This seems like a simple enough problem, but I am still struggling with it: Suppose you have two infinite, uncharged, metallic plates. I am now interested in the electrostatic potential (more specifically the energy) of the system if a point charge is introduced with some distance $a$ to the plane between both plates.
Now this sounds like it should be solvable by introducing image charges, like one learns in basic electrostatics education. The problem is though, that the image charge has a mirror image again and that image has another one and so on. One can still construct a series describing the potential, but I did not succeed in calculating the limit of said series. I switched to searching for literature on the problem and found the following paper describing how to apply the Sommerfeld-Watson transformation to the series to obtain an integral expression. The solution that the authors show in their paper, however, diverges when approaching the axis going perpendicular through the charge and the plates ($\rho = 0$).

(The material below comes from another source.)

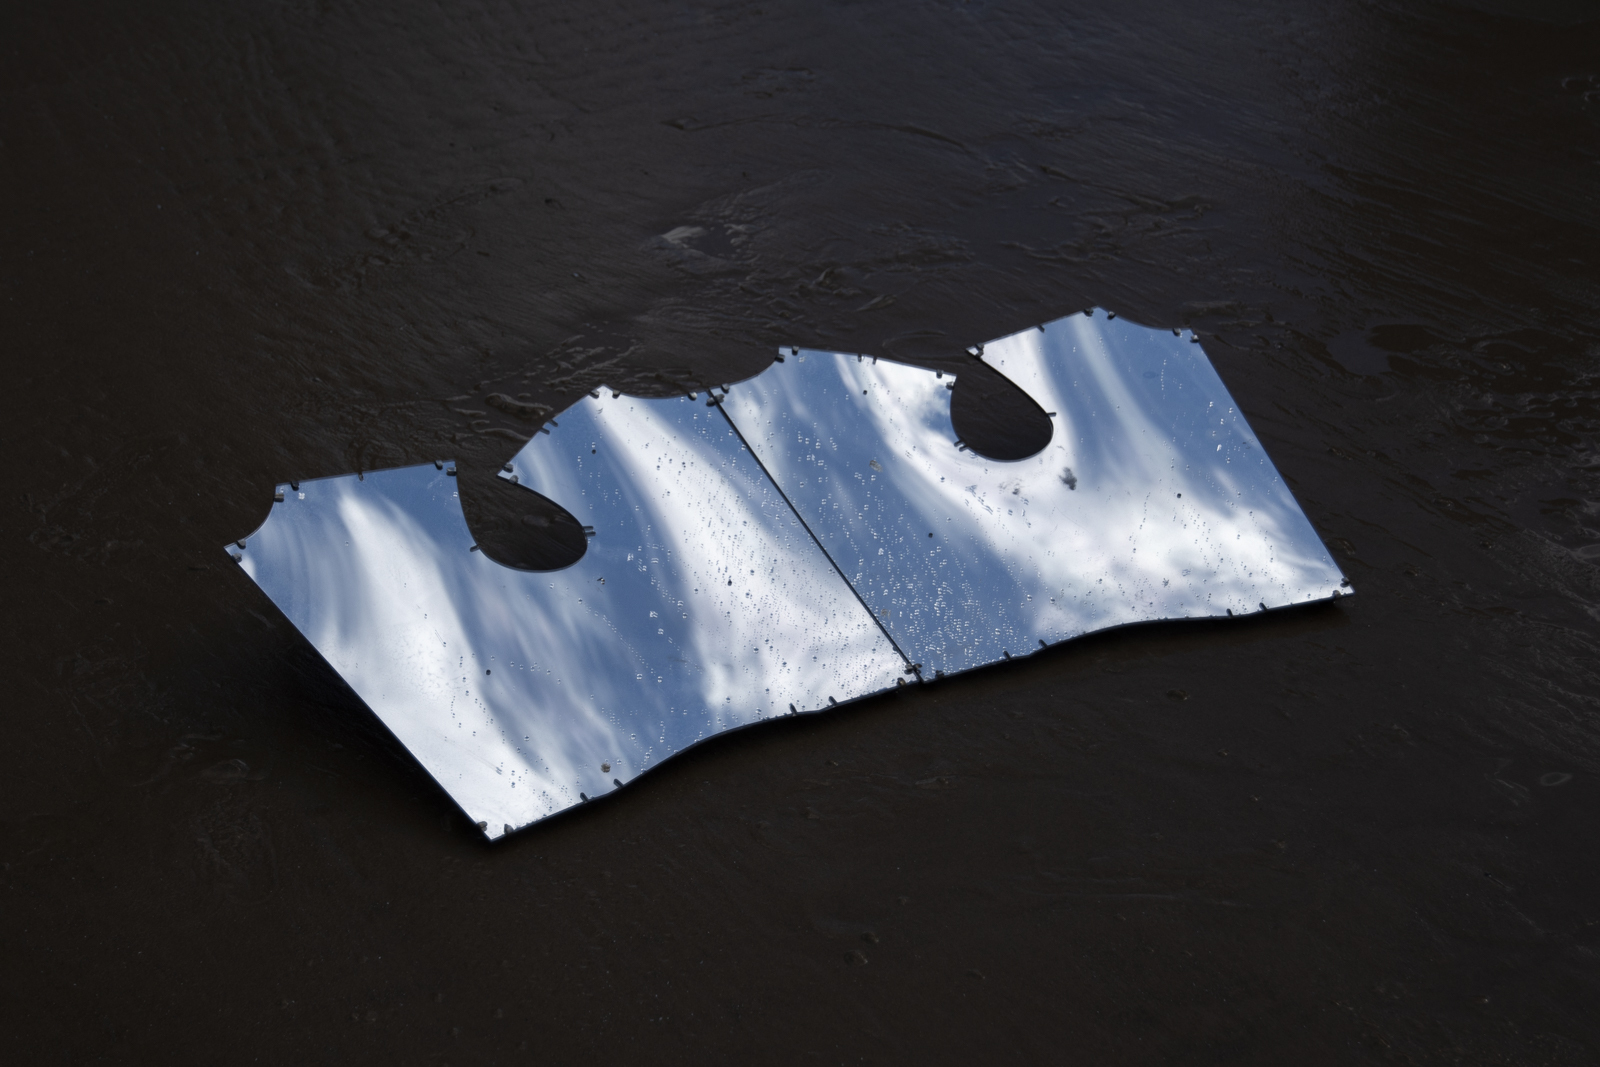 A wet mirror is angled on the beach such that the sky and clouds can be seen in its reflection. The wetness and shape of the mirror distorts the image.

I am specifically interested in calculating the energy of the system and thus have to have a solution that is defined on the axis.
Has anybody got an idea on how I can calculate this? It really seems so easy and when working on the problem I expected to find a lot of textbook solutions, but the literature is really sparse. Does anybody now where I can find more information on how to solve the problem? Any other ideas on how to calculate the energy?
Edit: I found another paper that has a analytical solution in case anybody is interested in the same question Paper can be found here.